“小黑,你没事吧。想不到对方这么卑劣,一直在找你下手。”钱重问躺在地上的路思远。
“不碍事,只是破了个口子,还好你提醒的及时,我也有所防备。”路思远勉强笑了笑。
“这口子有点深啊,恢复的不好以后可能会有块小伤疤,天气也热起来了,当心别发炎灌脓,沾水洗澡的时候注意点。”钱重蹲下来揭开纱布,帮他换了下药。

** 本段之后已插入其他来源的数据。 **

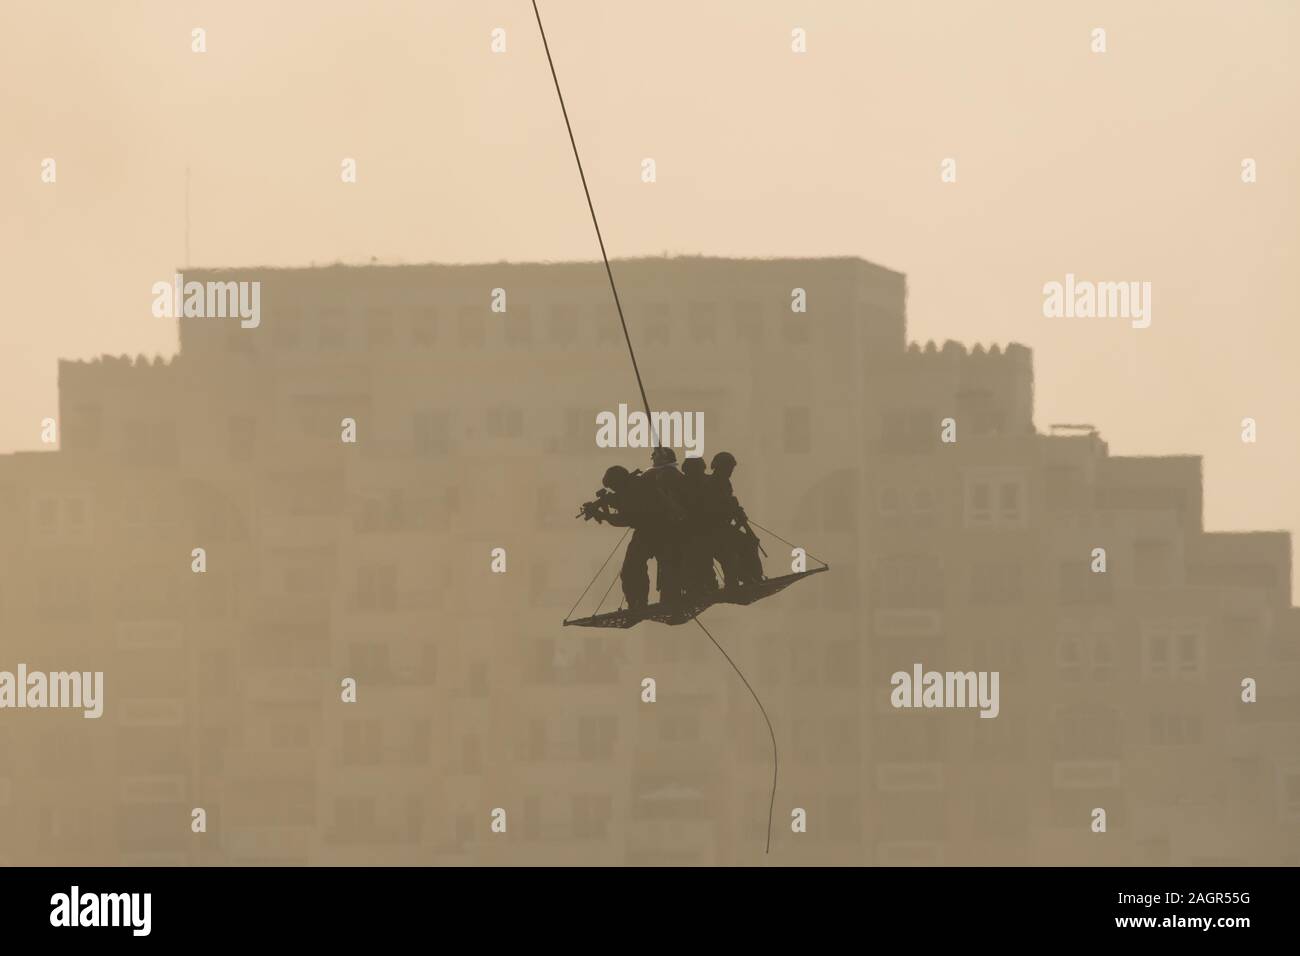 Militärische Team in Konflikt Rettung durch Helikopter. durch die Luft fliegen auf einem Seil befestigt im Rauch und Dunst in den Nahen Osten zu Häcksler Stockfoto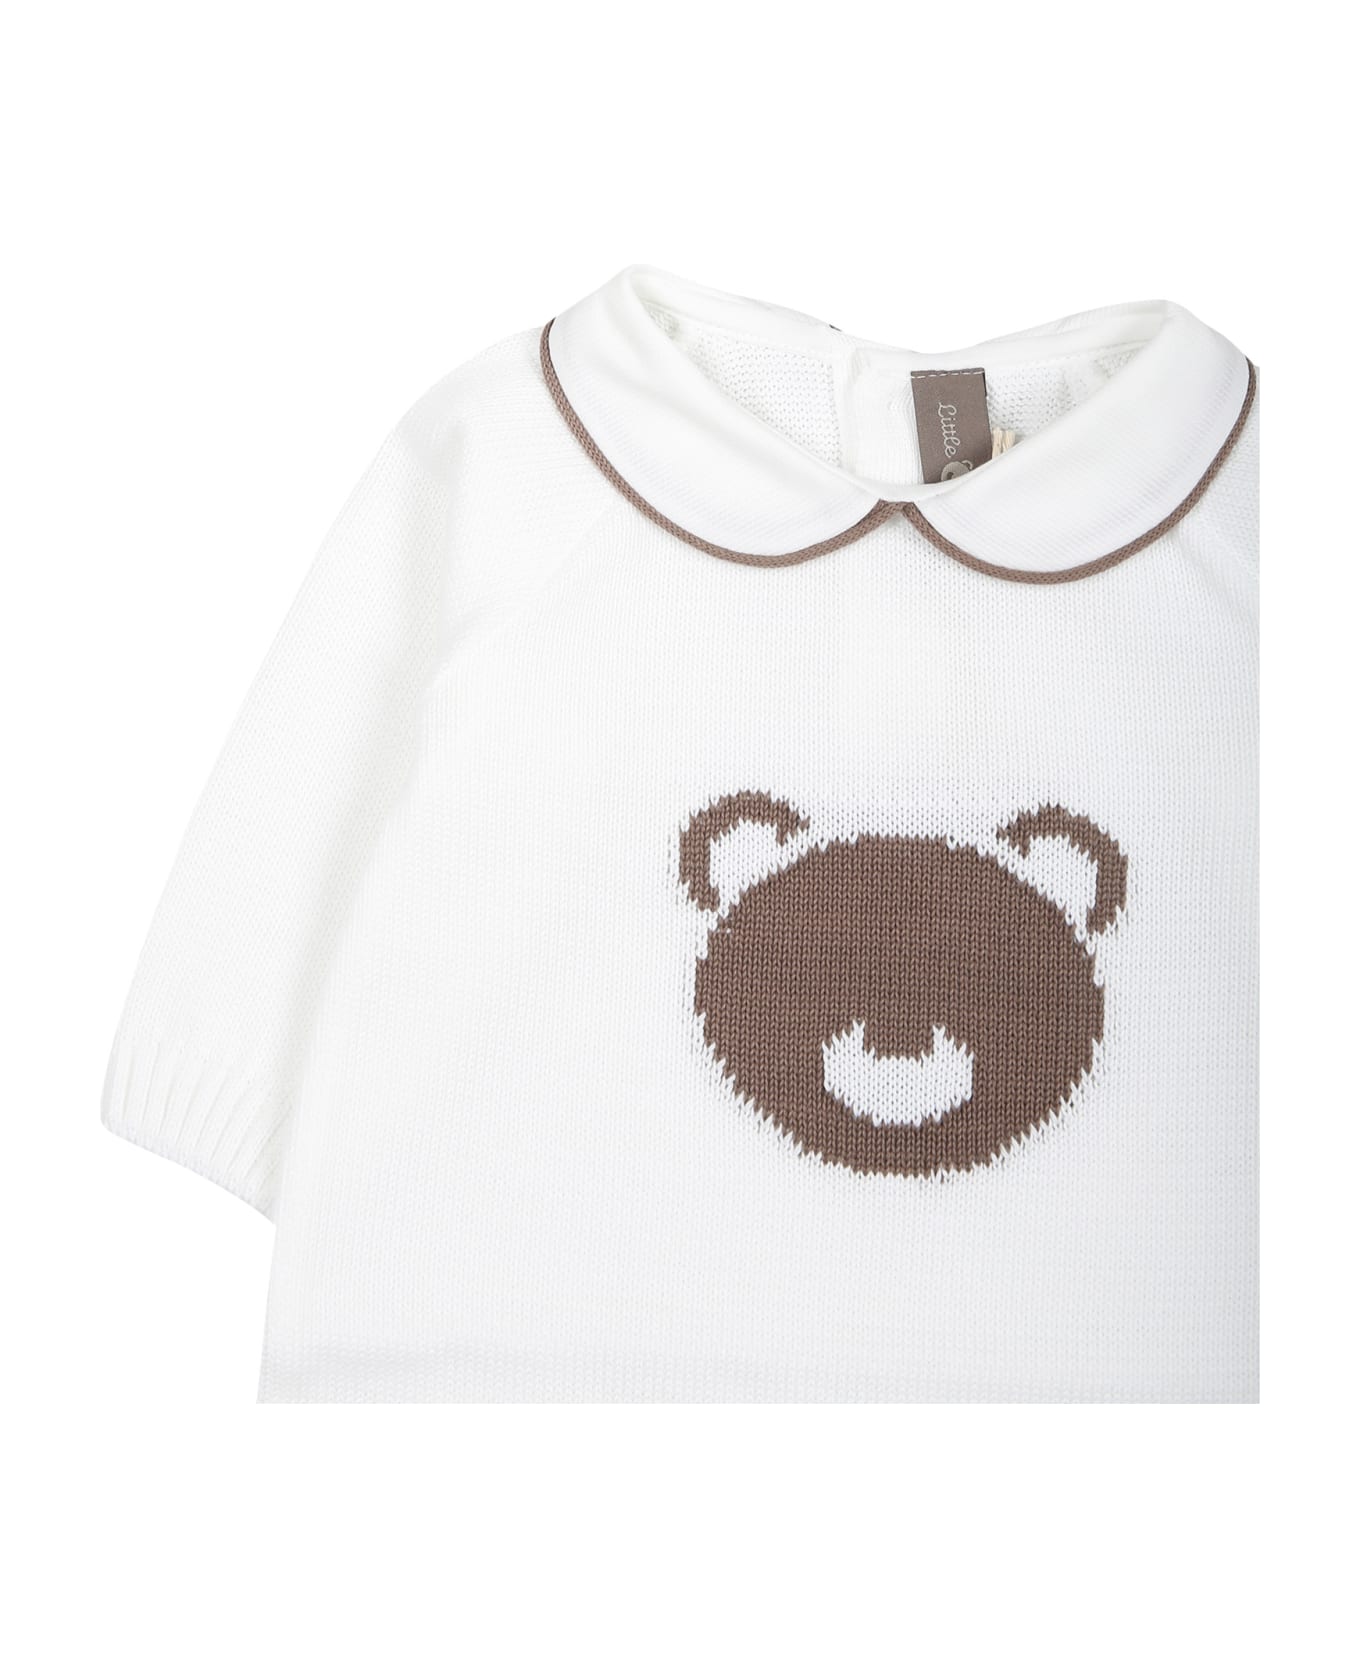 Little Bear White Babygrown For Baby Kids - White

“我们把青春中最宝贵的光阴都奉献给了这所学校,可这所学校却给了我们一道永远无法愈合的伤口。”唐天让满面忧伤的说道。
“什么田忌赛马,亏他们想得出来。”钱重冷笑道。
“还好他们没招惹白牛,不然可就没这么轻松了。”丁存笑说道。
“我记得有一回,虫子在操场上和别人吵架理屈词穷时,把人推倒在地后撒腿就跑,边跑边喊:我是四十八班三组最后一个,有本事明天来班上找我。那个位置当时坐的人是白牛,结果可想而知,相当的惨烈啊。”唐天让回忆道。
“不是我,是胖子。那天我正在和言肃打乒乓球,我们还打出了一个小高潮,一个捡球的小高潮!”丁存笑纠正道。
“胡说,明明就是你。那天和言肃打球的人是我,是我打得他满地找球。”钱重反驳道。
“对了,白牛到哪里去了,比赛结束就没见他人了。”唐天让问道。